In light of Davidson’s spot on the payroll and Carlos Slim’s increasing investments in the preservation of the views of the 1% at the Times, I was astonished to see todays editorial about financial crimes. Obviously the politburo at the Times is at their dachas today remembering when the US had civil rights, but what a slip up this is!
http://www.nytimes.com/2012/01/16/opinion/on-the-trail-of-mortgage-fraud.html?_r=1
Yves and commenters, well done.
I guess we can expect a future installment from Davidson on how “people” should be grateful for pay-day lenders and how, somehow, we should be grateful to “Wall Street” for those too.
yes, how else could of the little people pay for medication or food if it werent for philanthropists like payday lenders?
” Adam Davidson translates often confusing and sometimes terrifying economic and financial news.”
ROFLMAO . . .
Consumer finance has actually existed since at least the 1850s, when Isaac Singer made his sewing machines available on the installment plan.
I think Adam Davidson is shooting to become the David Brooks of the financial world.

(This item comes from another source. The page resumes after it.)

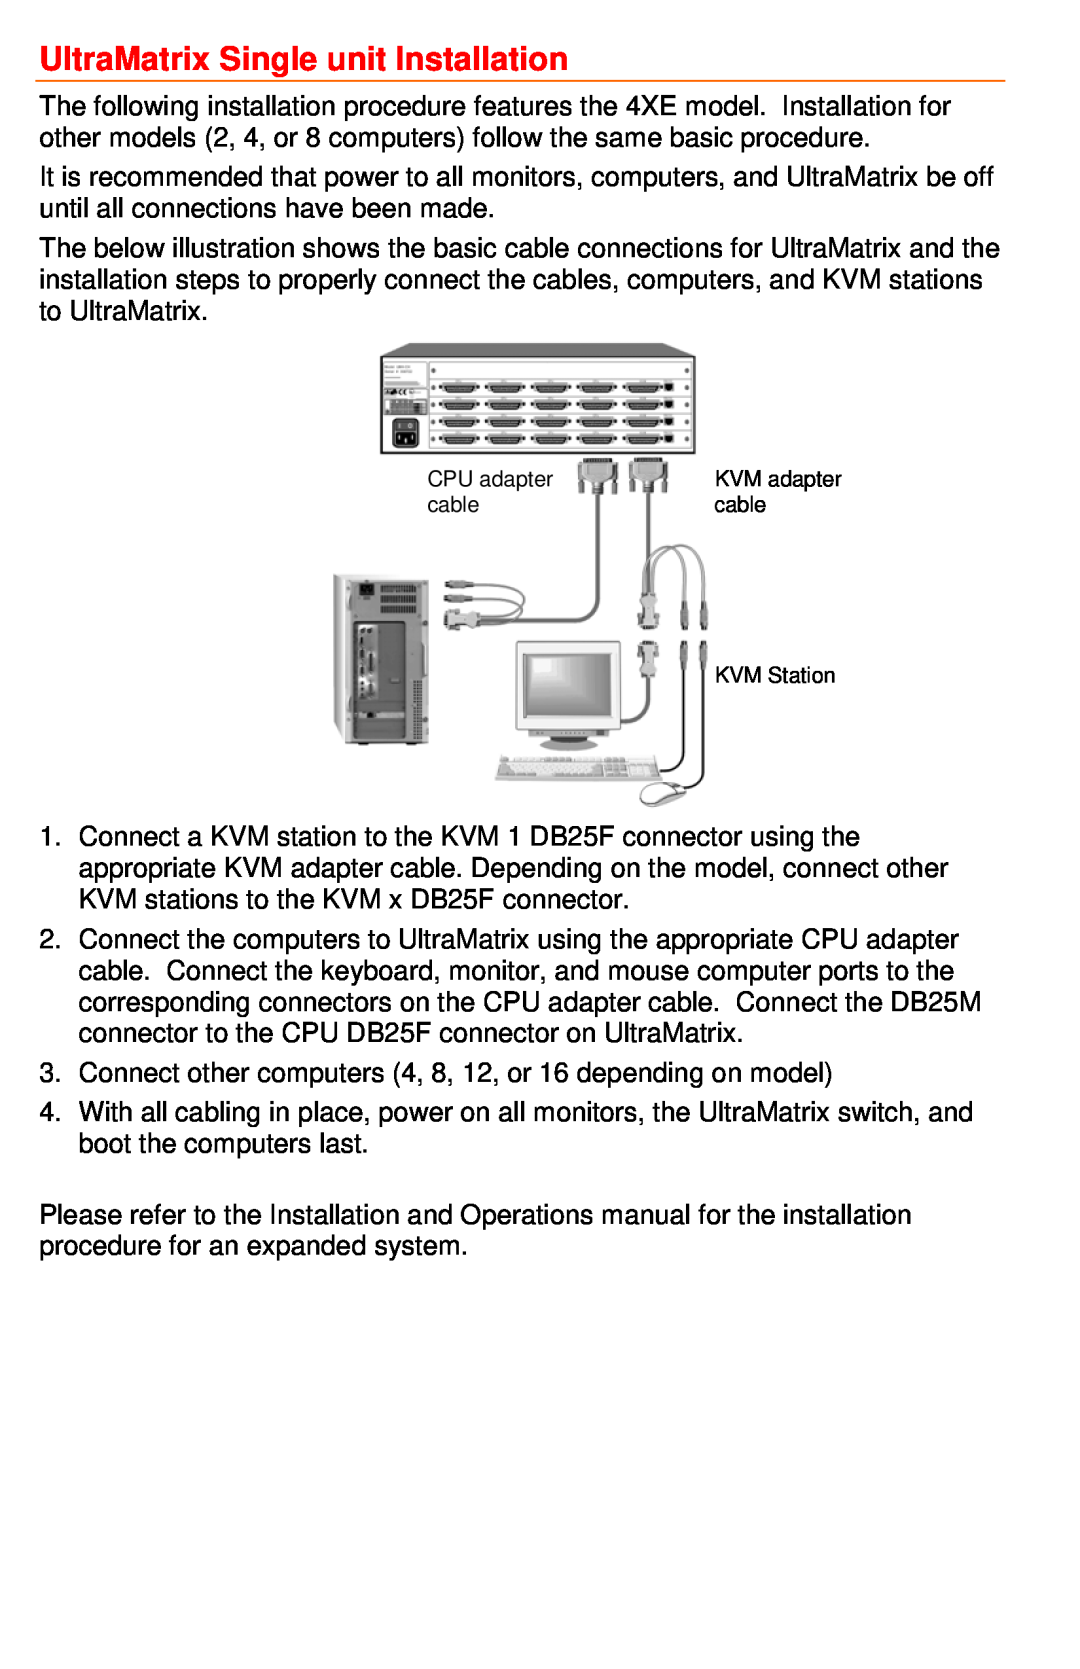 Rose electronic 4XE manual UltraMatrix Single unit Installation

Although with Adam’s latest endeavor, that question might be unfair to David Brooks.
When I read Davidson’s piece in the Times, I thought it was noticibly worse than his usual content-free crap, but I did wonder if my opinion was colored by my increasingly low expectations for anything he writes.
So, I’m relieved to see that others also regarded his latest effort as awe-inspiring garbage.
When a courtier (like davidson) at Versaille on the Hudson, or Topkapi on the Potomac wants to write yet another, ahem, “fluff” piece about one thier favorite patrons, they dont research anything,they just go have drinkies and lunch with one of the grand Viziers and regurgitate everything they are told. That should be no suprise, it should be slightly disturbing that whichever wal st hedge fund manager-dickbag he spoke to before writing it, is that ignorant and dishonest. People who read this blog know how stupid and dishonest our rulers are, but people who read the NY times ( for information not laughs) should really stop and think about some of this crap. I guess thats the real rub – they arent talking to anyone but themselves anymmore and no longer care if rest of us disagree.